In an emailed statement to The D.O., a Pyramid Management Group spokesperson said, “We are an advocate for any solution that maintains high-speed Interstate access through the City of Syracuse and Onondaga County.” He did not elaborate on their communication with individual stores about the mall’s stance.
More recently, Pyramid’s name recently appeared as the owner of the website for Save 81, a community group focused on keeping the highway’s current route, according to Syracuse.com. Pyramid Management Group said in their statement to The D.O. that the website domain name was “news to us,” and that they asked that it be corrected.
Eva Suppa | Digital Design Editor
“As you know, there are many different players involved,” the spokesperson for Pyramid Management Group said. “And maintaining the Save 81 website and social media channels is a collaborative effort made possible by the efforts of these many different individuals and organizations.”
The state’s Final Environmental Impact Statement, the last step in the planning process, is expected to be released in 2020.
Part of the viaduct runs right by the east end of the mall, with anchor stores like The Cheesecake Factory and Macy’s visible to the thousands of people each day.
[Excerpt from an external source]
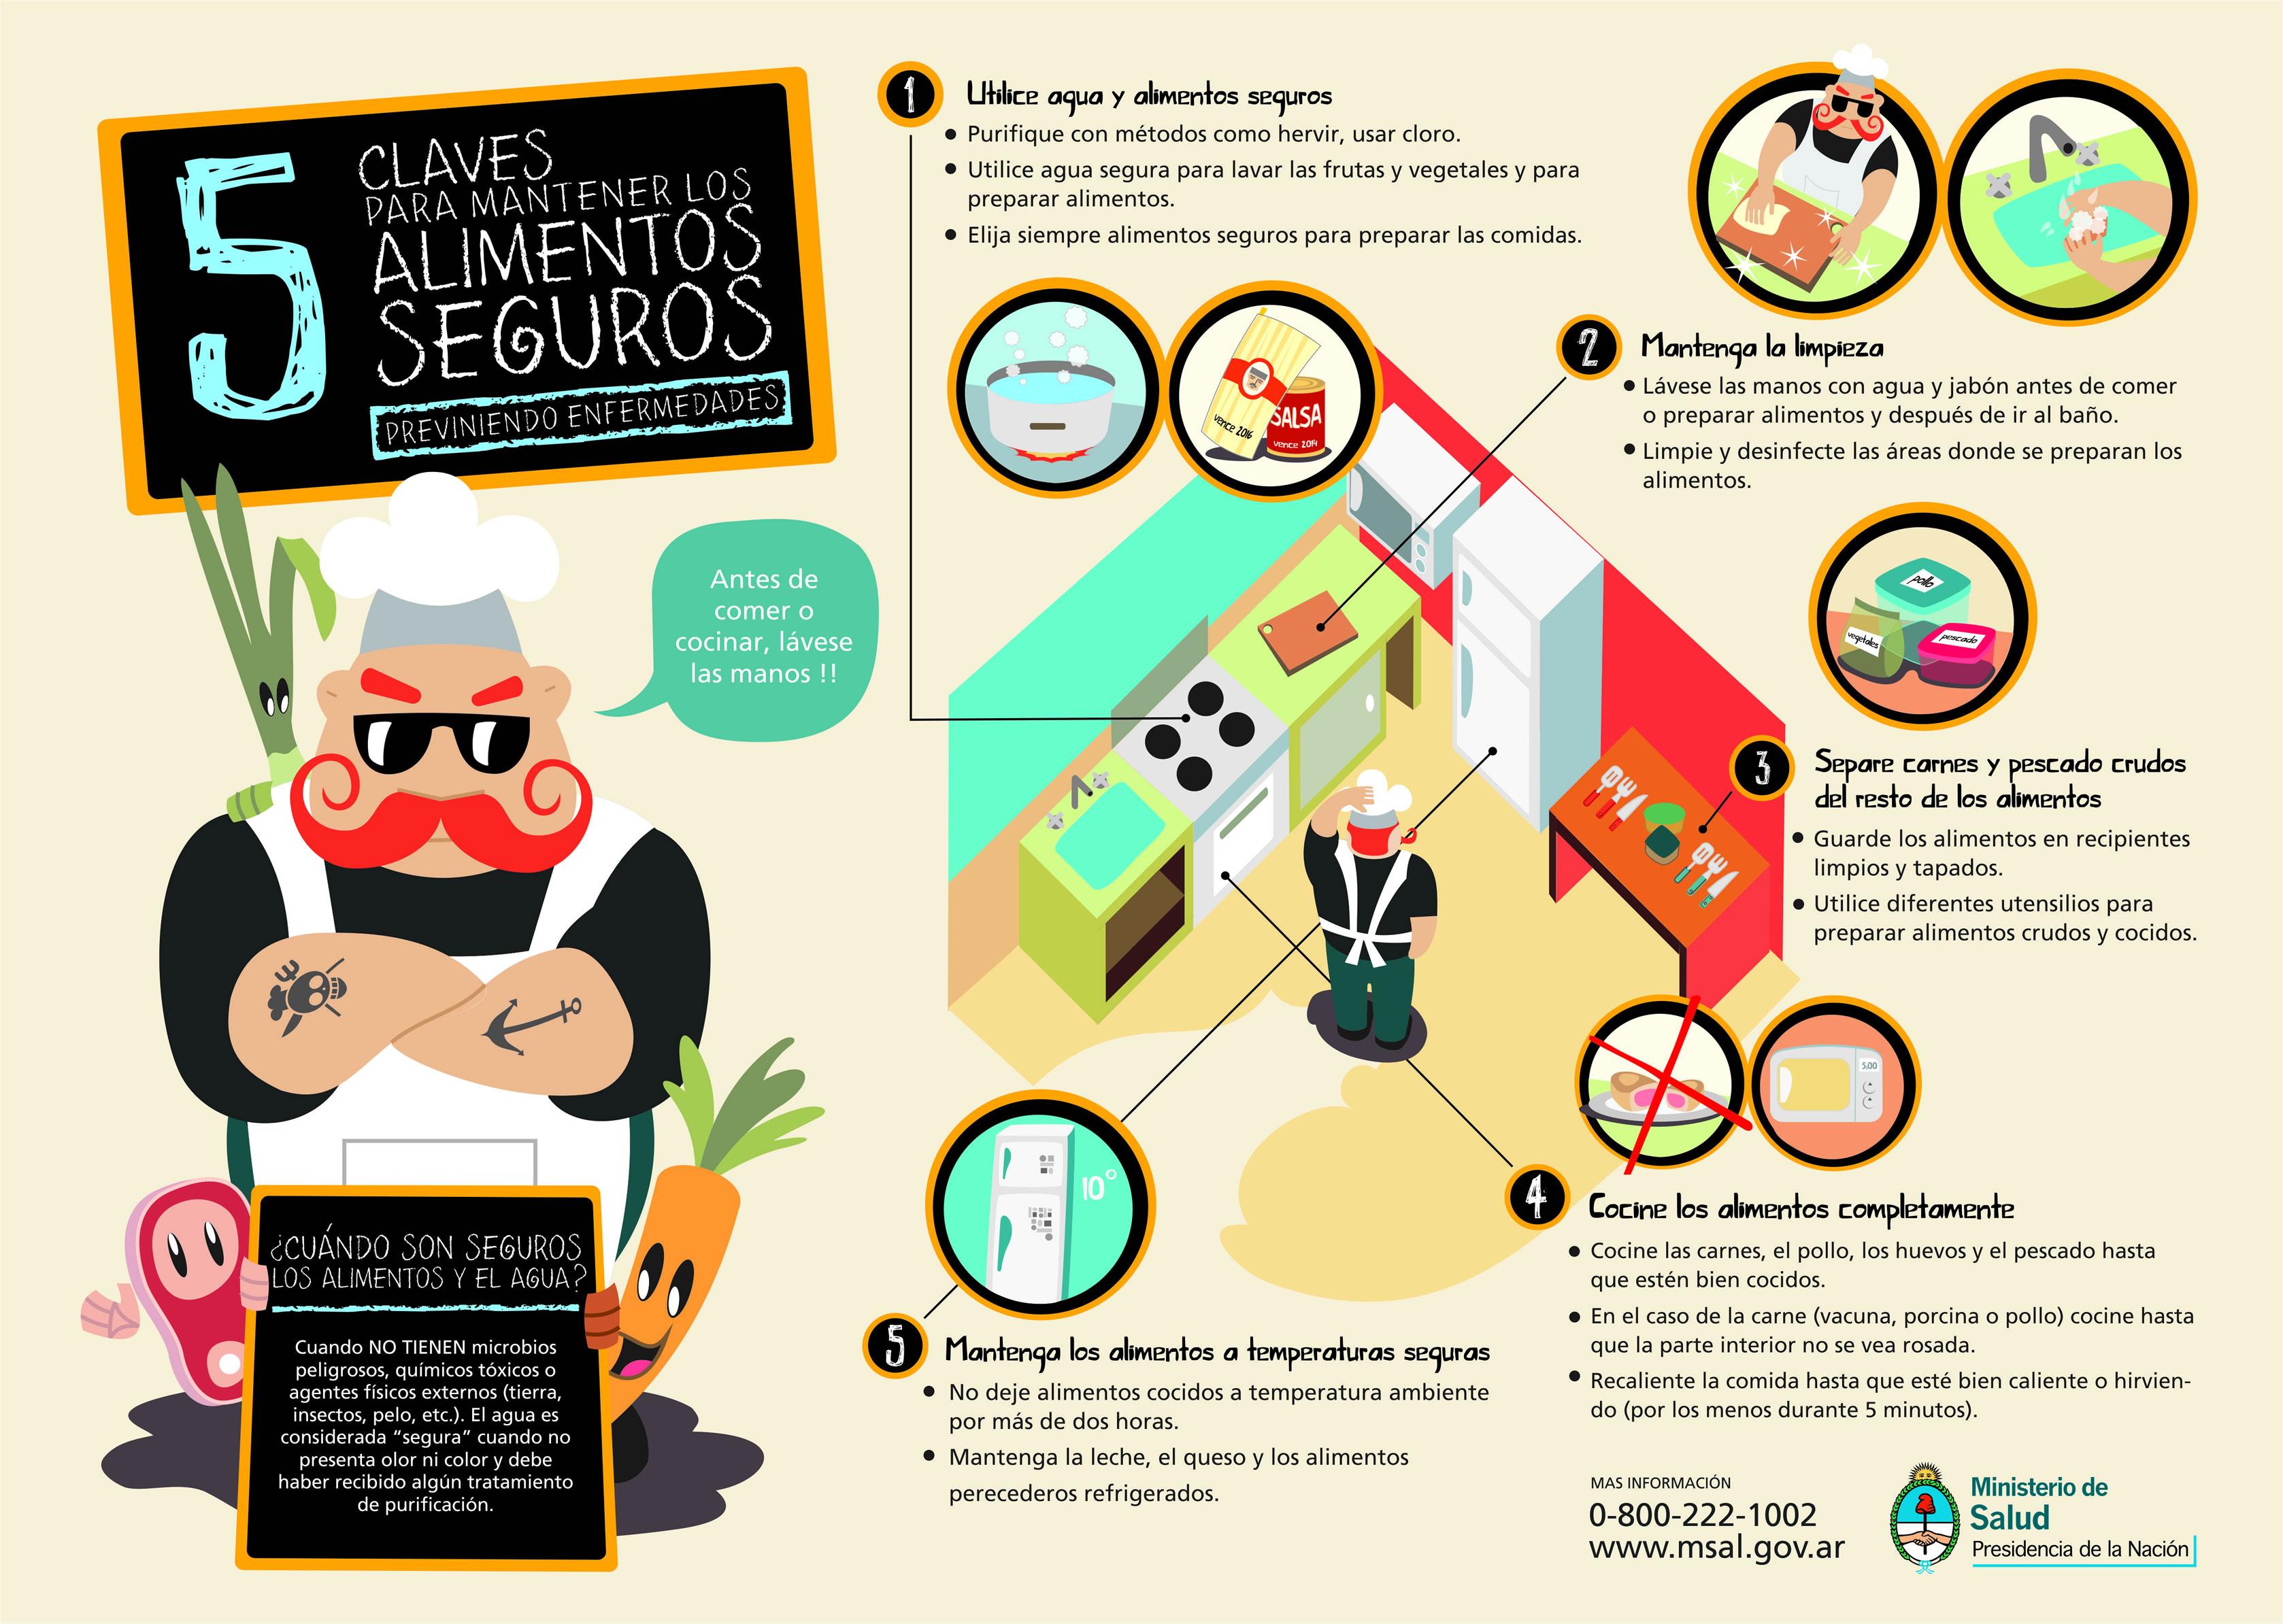 Garantizar la inocuidad de los alimentos es una tarea for La cocina de los alimentos pdf

Exits 23 and 23b, lead traffic into Destiny USA Drive, the mall’s entrance.
Heather Allore, an assistant store manager for VILLA, isn’t familiar with all three replacement options proposed for I-81. But she’s familiar with the possibility of removing the viaduct that passes Destiny USA and afraid it will affect business at the store.
When Allore first came to Syracuse, she accidentally got off at this exit and ended up at the mall. The highway’s route pulled her into the mall, and she thinks it does for other people, too.
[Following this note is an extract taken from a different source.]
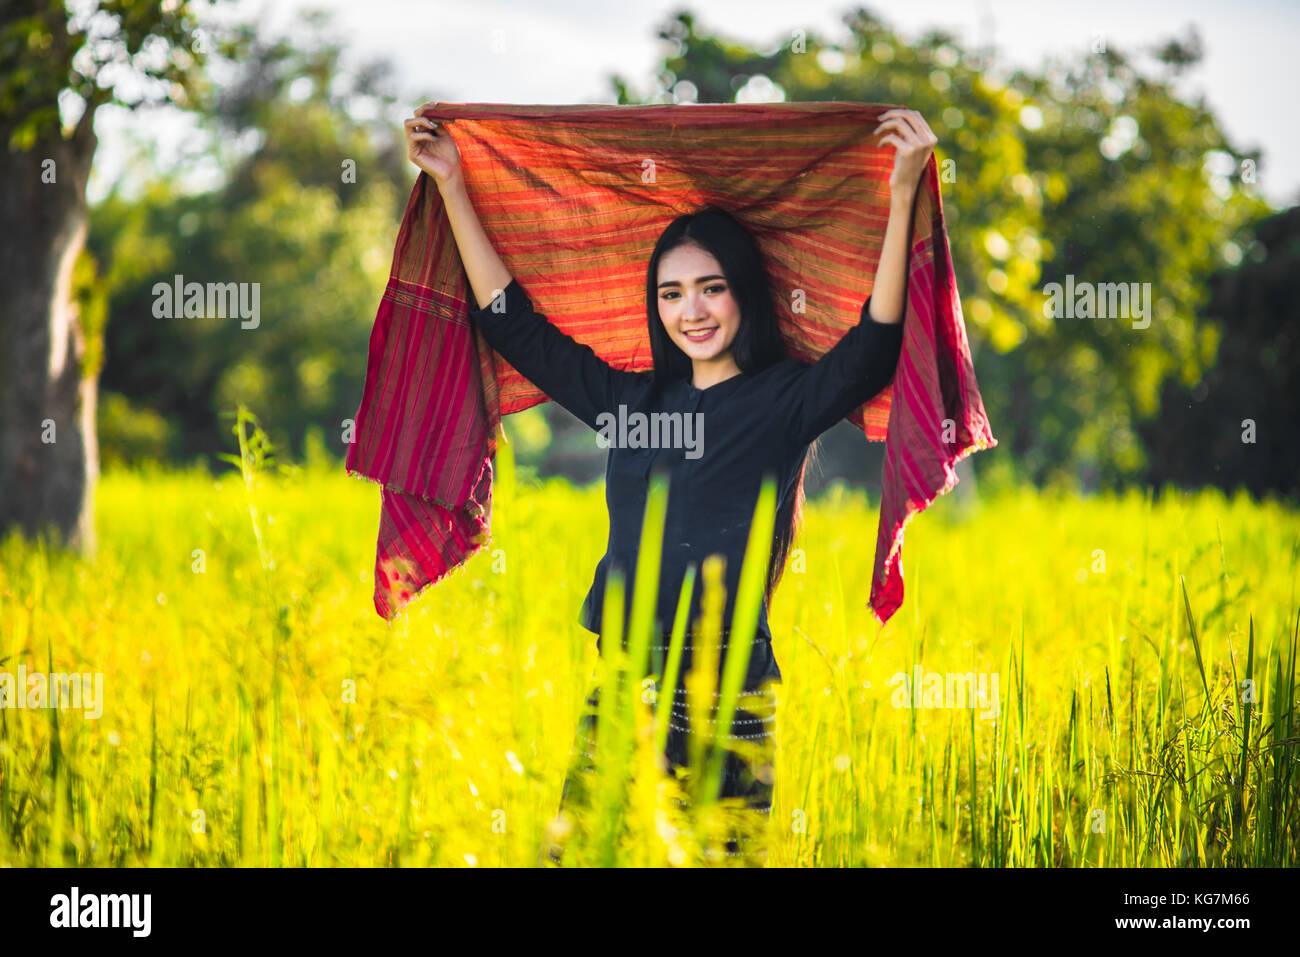 Belle jeune femme agriculteur en Thaïlande,woman smiling with sourire parfait et heureux dans la forêt. Photo Stock

“Without having a direct exit off of I-81, the tourists have to come find us,” Allore said. “If they have to go searching for it, we’re going to lose all the passerby business.”
Not everyone agreed. Slightly more managers said the mall’s regional pull attracts customers, not the fact that the route goes right by it.
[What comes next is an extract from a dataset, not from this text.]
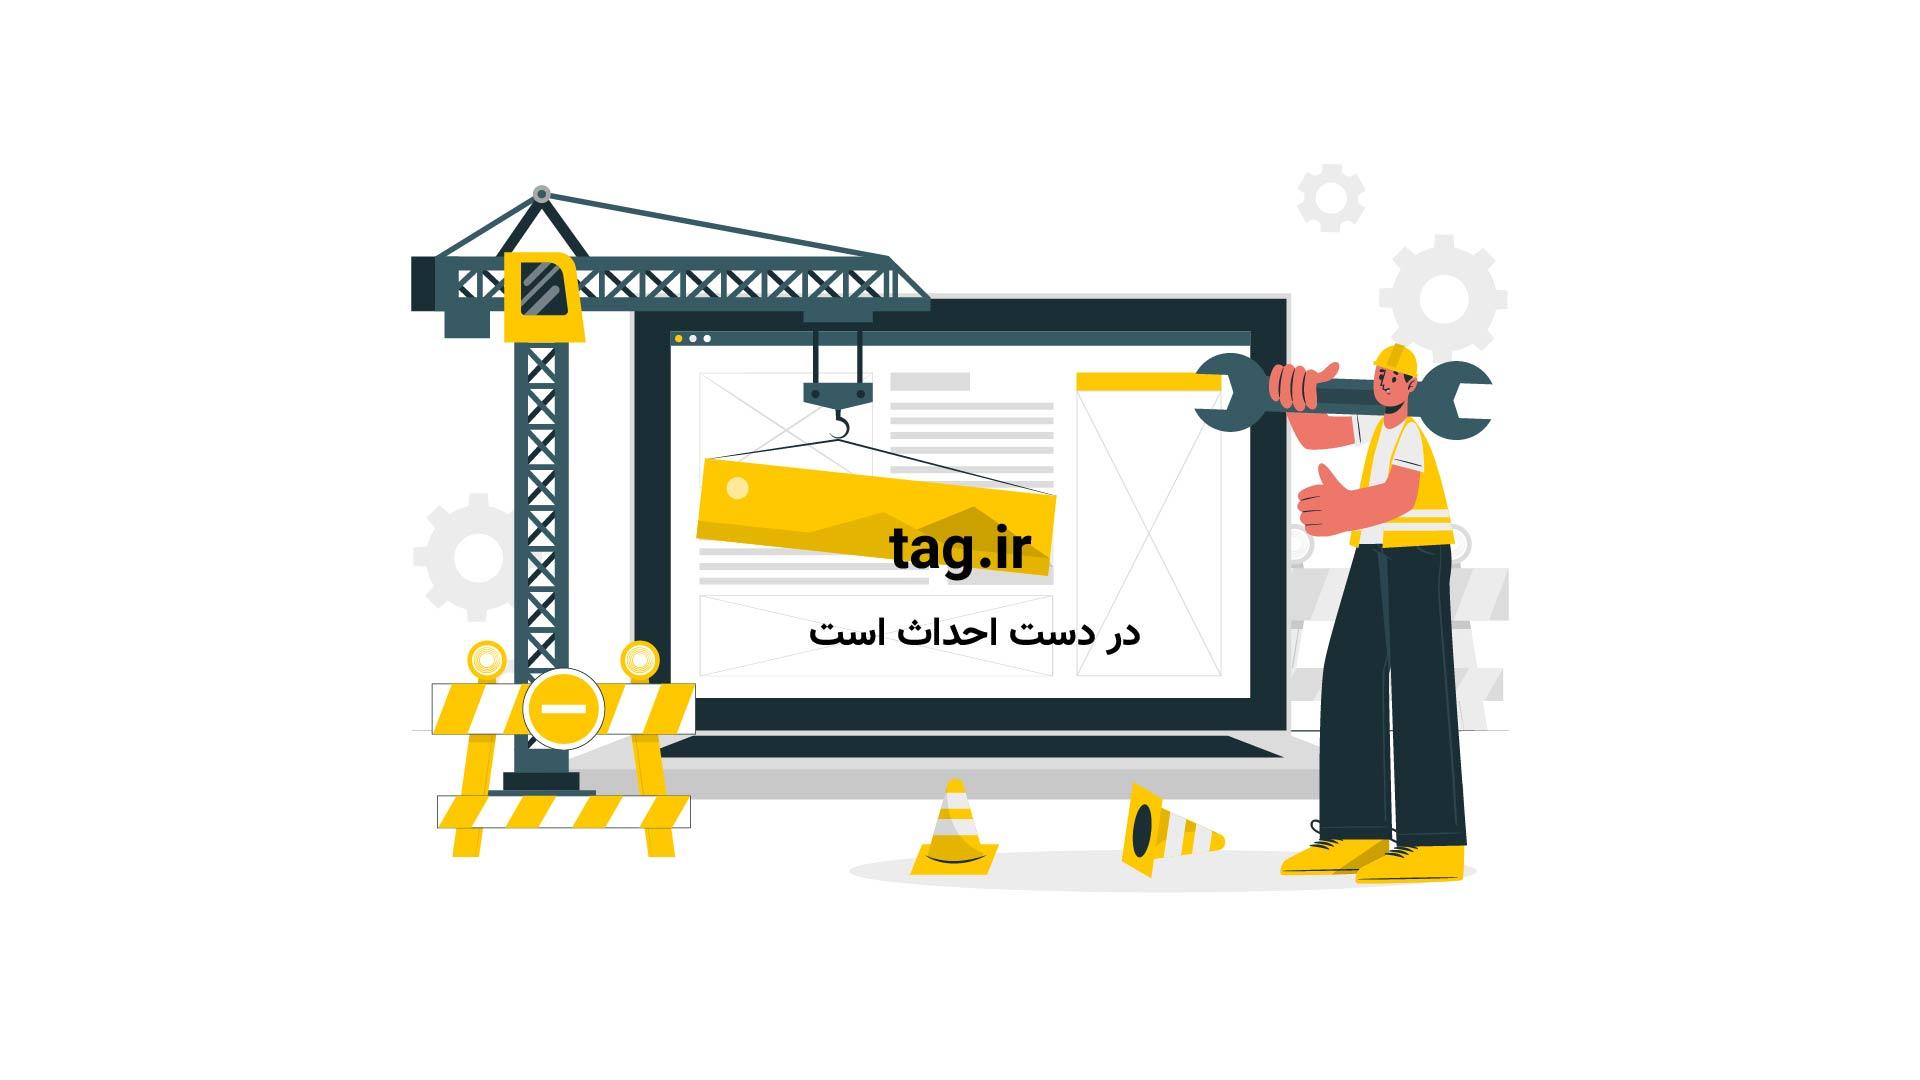 نماهنگی با شعر سید حمیدرضا برقعی به مناسبت ایام فاطمیه | فیلم

“If they’re coming to the mall, they’re coming to the mall,” said Daniel Burchill, manager of Texas de Brazil. “They’re not just accidentally showing up here.”
Destiny USA opened to the public in 1990, with Onondaga Lake to its west and I-81 to its east. Minch Lewis, a Save 81 member and adjunct professor of public administration and international affairs at Syracuse University’s Maxwell School of Citizenship and Public Affairs, said that without the highway, Destiny USA wouldn’t have opened at its location.
Lewis said that Destiny’s owners have held at least one meeting for Save 81, a group he described as “informal” citizens, business owners and public officials meeting to discuss how to push their message to the public.
Lewis offered a reason why some store managers may not take a stance: it could be harmful to their business, causing them to stay quiet. Store managers may not be representative of the general public, he said.
“(If) I operate a little shop along 81, and I’m dependent on that business, I’m not gonna take a public stand,” said Lewis, who was Syracuse’s city auditor from 1995-2003. “You know why not? Because some of the customers are on one side of this issue, and some are on the other side.
“And you know what? I don’t want to piss off the ones that are on the other side.”